> _DATA_
%%

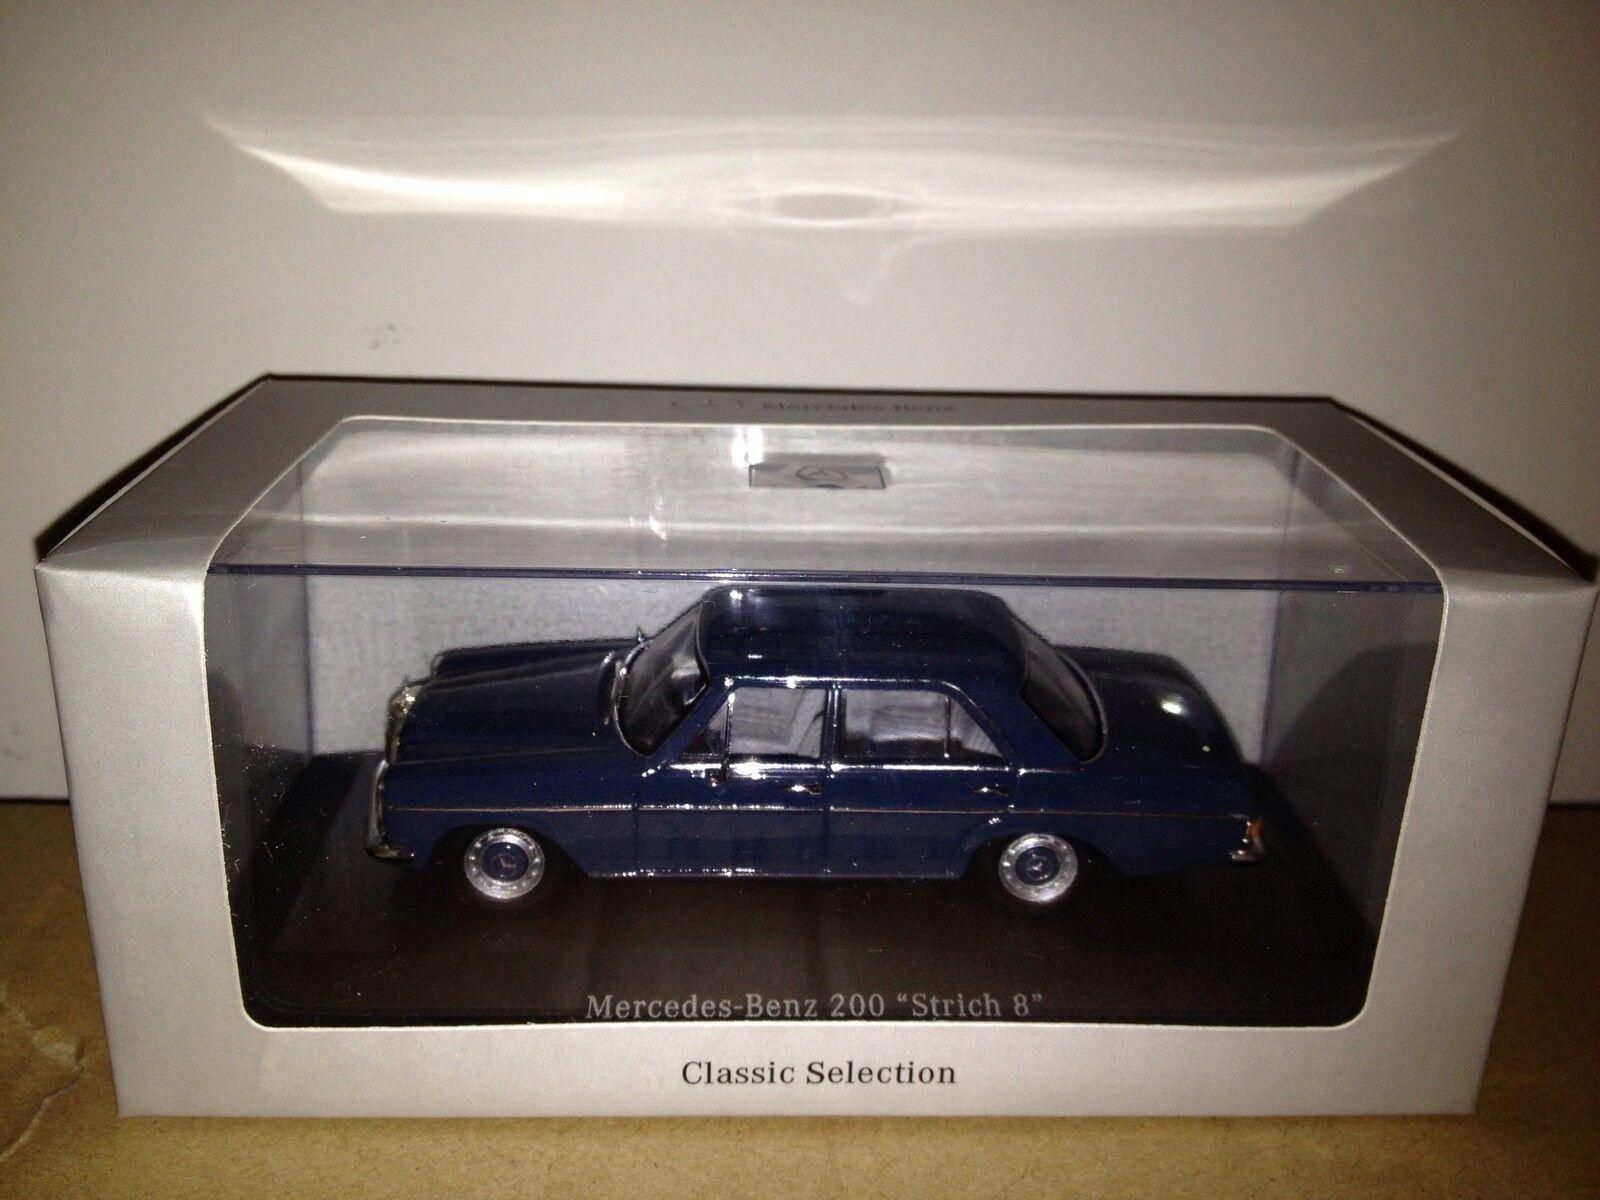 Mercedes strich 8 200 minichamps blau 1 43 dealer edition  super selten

%%
%%

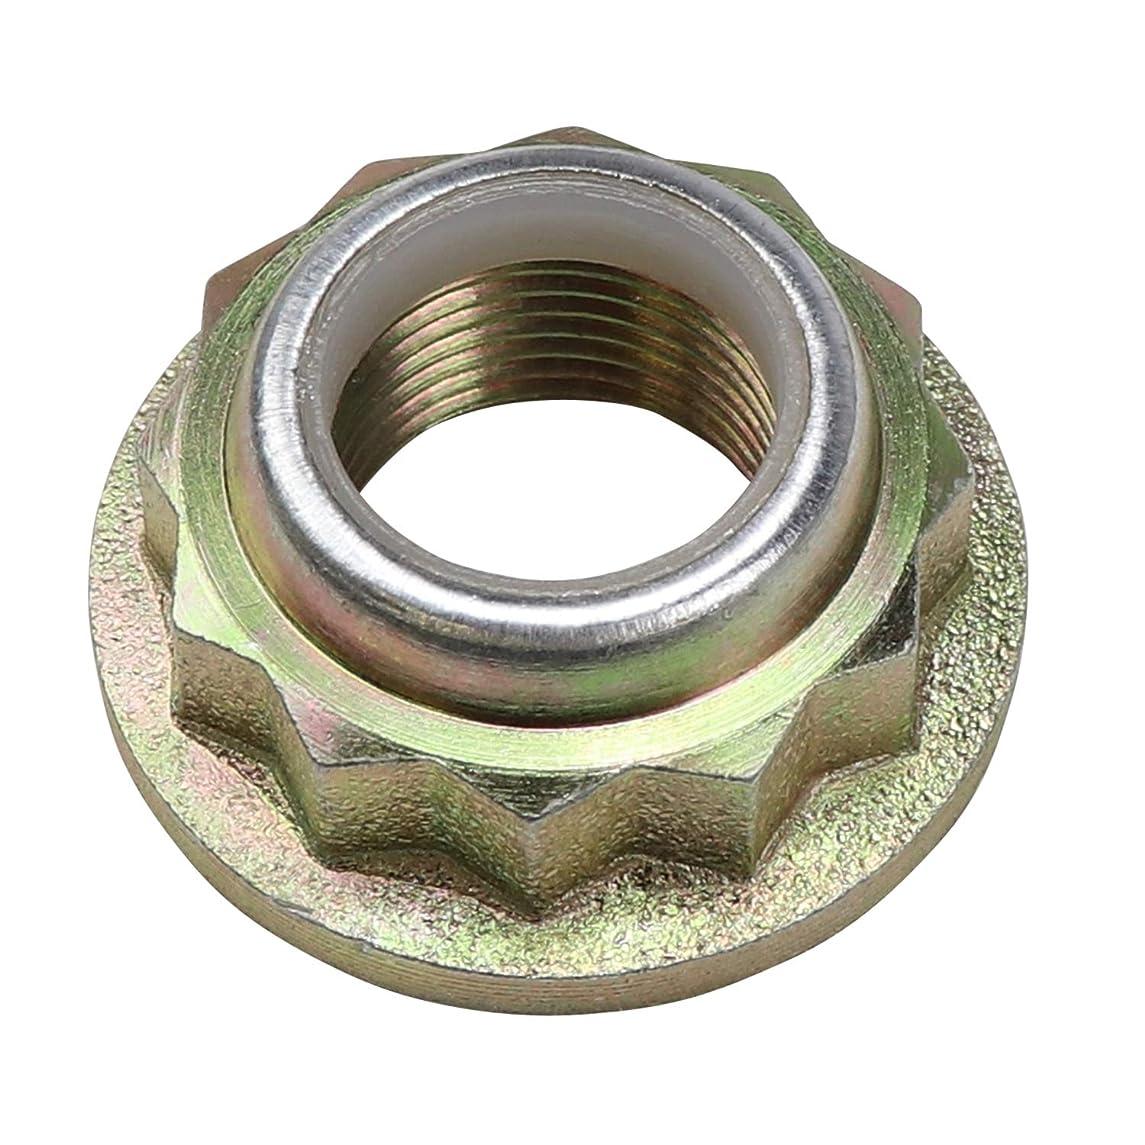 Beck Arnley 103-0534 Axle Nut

%%
%%

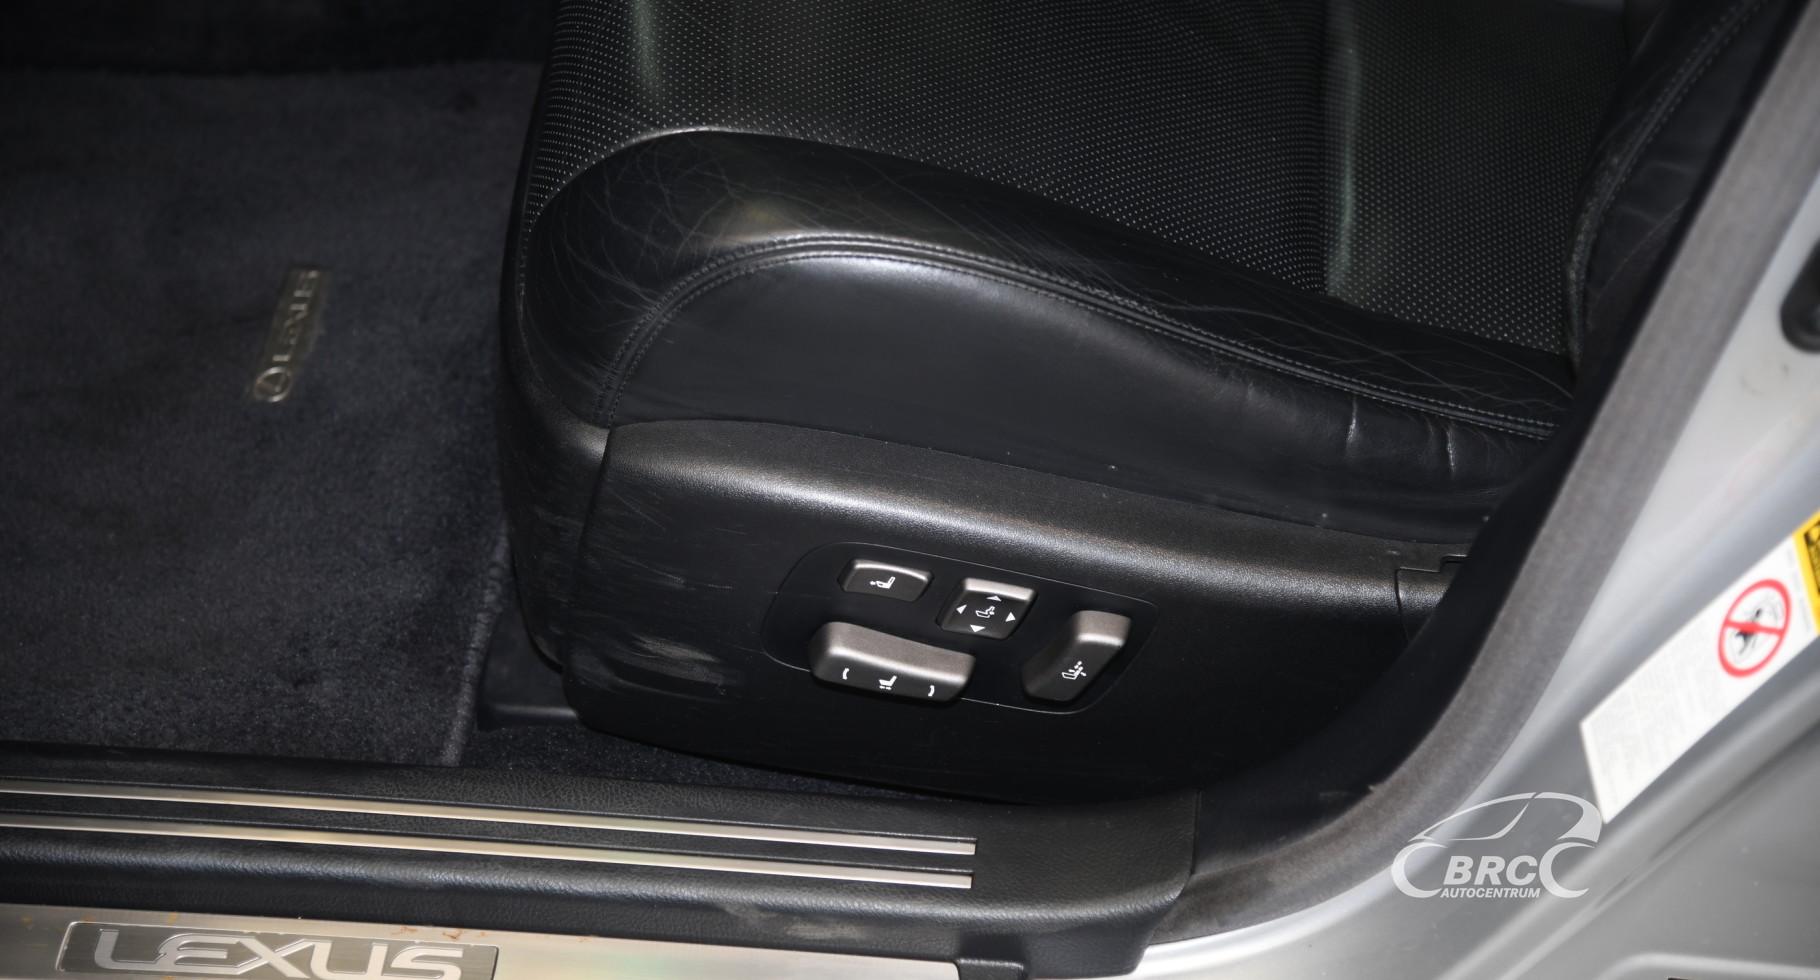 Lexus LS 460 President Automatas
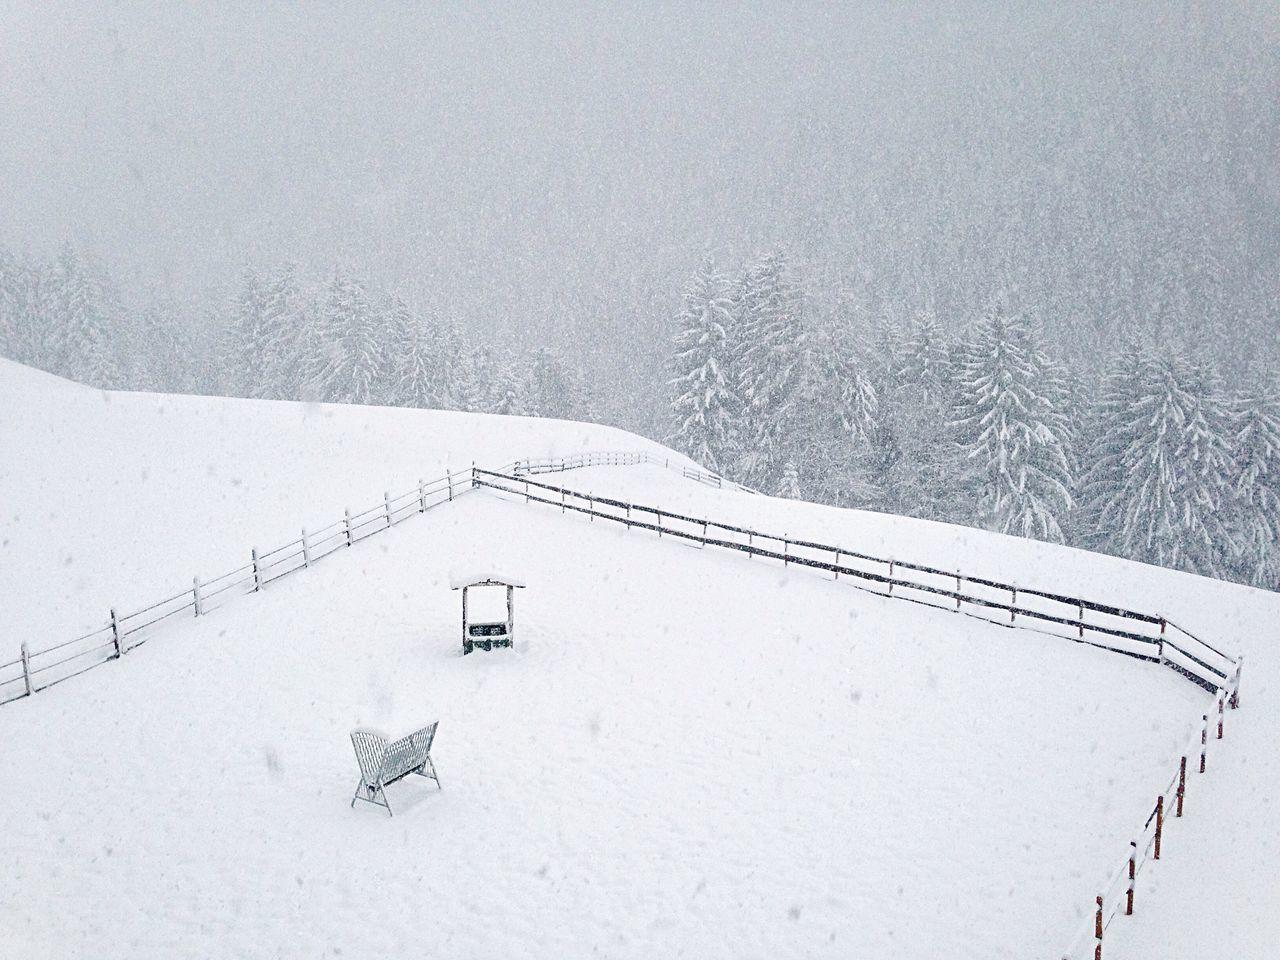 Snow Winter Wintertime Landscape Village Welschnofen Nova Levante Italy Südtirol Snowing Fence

%%

> _ABOUT THIS EXERCISE_
Look above for the line with "Lexus LS 460 President Automatas" and the line with "Snow Winter Wintertime", then restate exactly those two lines and all lines between them, with no pictures.

> _WRITTEN RESPONSE_
 Lexus LS 460 President Automatas
 Snow Winter Wintertime Landscape Village Welschnofen Nova Levante Italy Südtirol Snowing Fence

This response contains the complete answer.